The Risk of the General Anti-Abuse Rule
HMRC uses the General Anti-Abuse Rule, or GAAR, to challenge structures that exist solely to reduce tax. If your European office has no customers, no employees, and no local bank account, HMRC will disregard the structure entirely. They will tax the profits as if they were earned directly in London. We ensure every transfer has a commercial purpose, such as signing up European enterprise buyers who require local data hosting.
To protect your startup, we document the commercial reasons for the move. This includes storing proof of European client requests, local regulatory requirements, and local hiring plans.
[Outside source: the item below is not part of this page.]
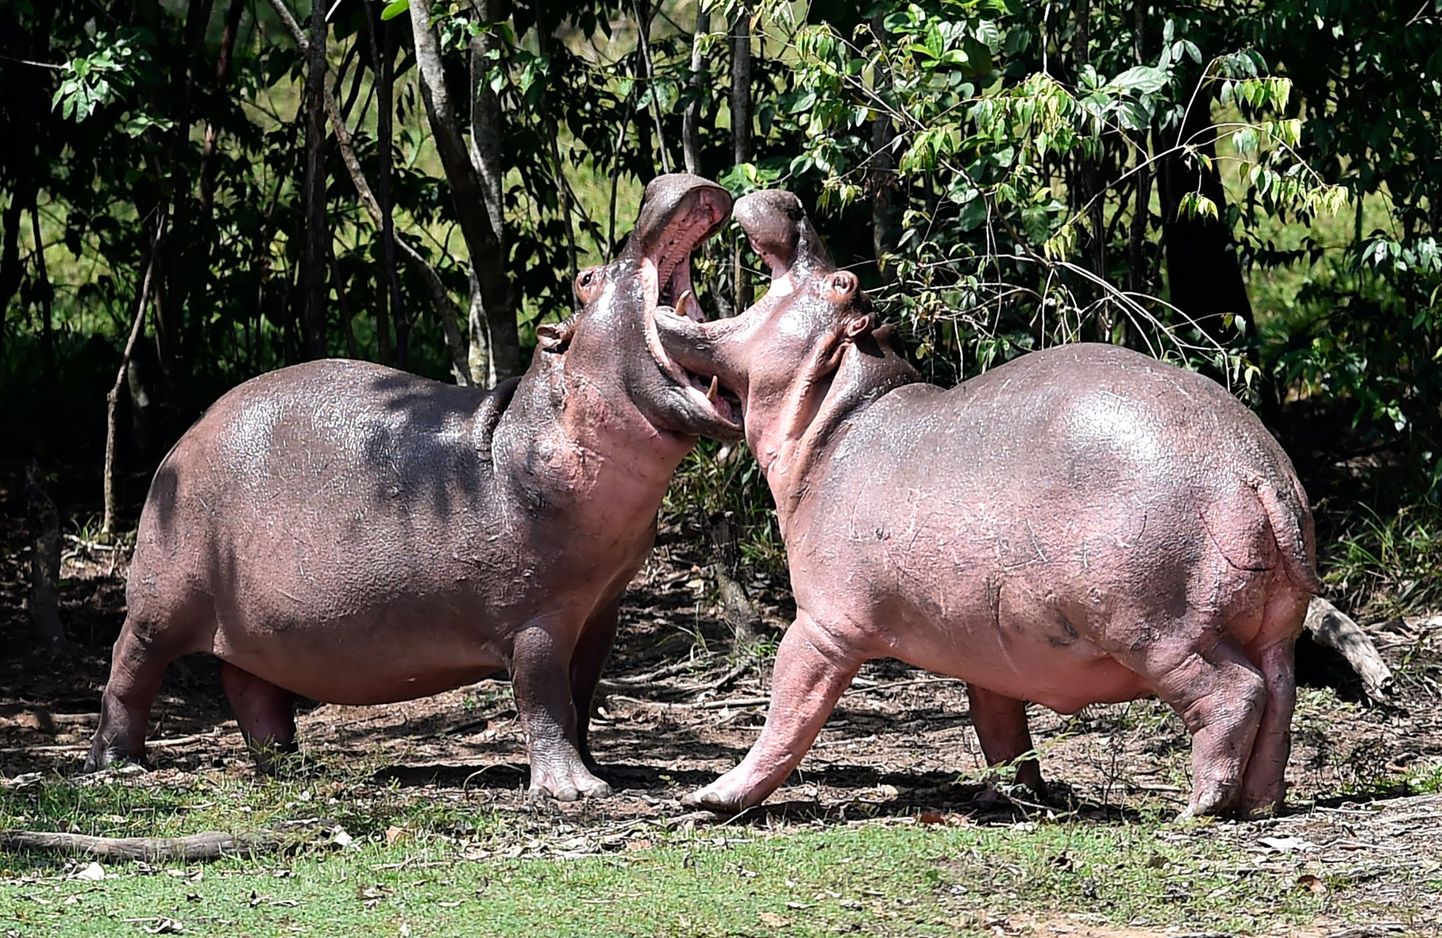 Hippos are seen at the Hacienda Napoles theme park, once the private zoo of drug kingpin Pablo Escobar at his Napoles ranch, in Doradal, Antioquia department, Colombia on September  12, 2020. - Escobar bought four hippos from a zoo in California and flew them to his ranch in the early 1980s. Left to themselves on his Napoles Estate, they bred to become supposedly the biggest wild hippo herd outside Africa -- a local curiosity and a hazard. (Photo by Raul ARBOLEDA / AFP)

In one recent case, a client saved £12,500 in potential compliance fines simply because they had documented their meetings with 3 German software buyers who refused to buy from a non-EU entity.
Step-by-Step Compliance Checklist
Before you sign any international contracts, you need a clear sequence. Do not transfer assets first and calculate tax later. Start by conducting a full audit of your current IP registration. Check if your trademarks and patent applications are filed under the UK company name or your personal name. We often find that founders registered patents under their personal names in 2022, which requires a separate assignment step.
Next, complete the valuation report using the cost-to-create model. Once the value is fixed, draft the intercompany license agreement. Have both directors sign the contract, ensuring the date matches your accounting period start. Finally, update your UK tax return disclosures. This structured approach ensures you have a defense ready if HMRC opens an inquiry 18 months from now.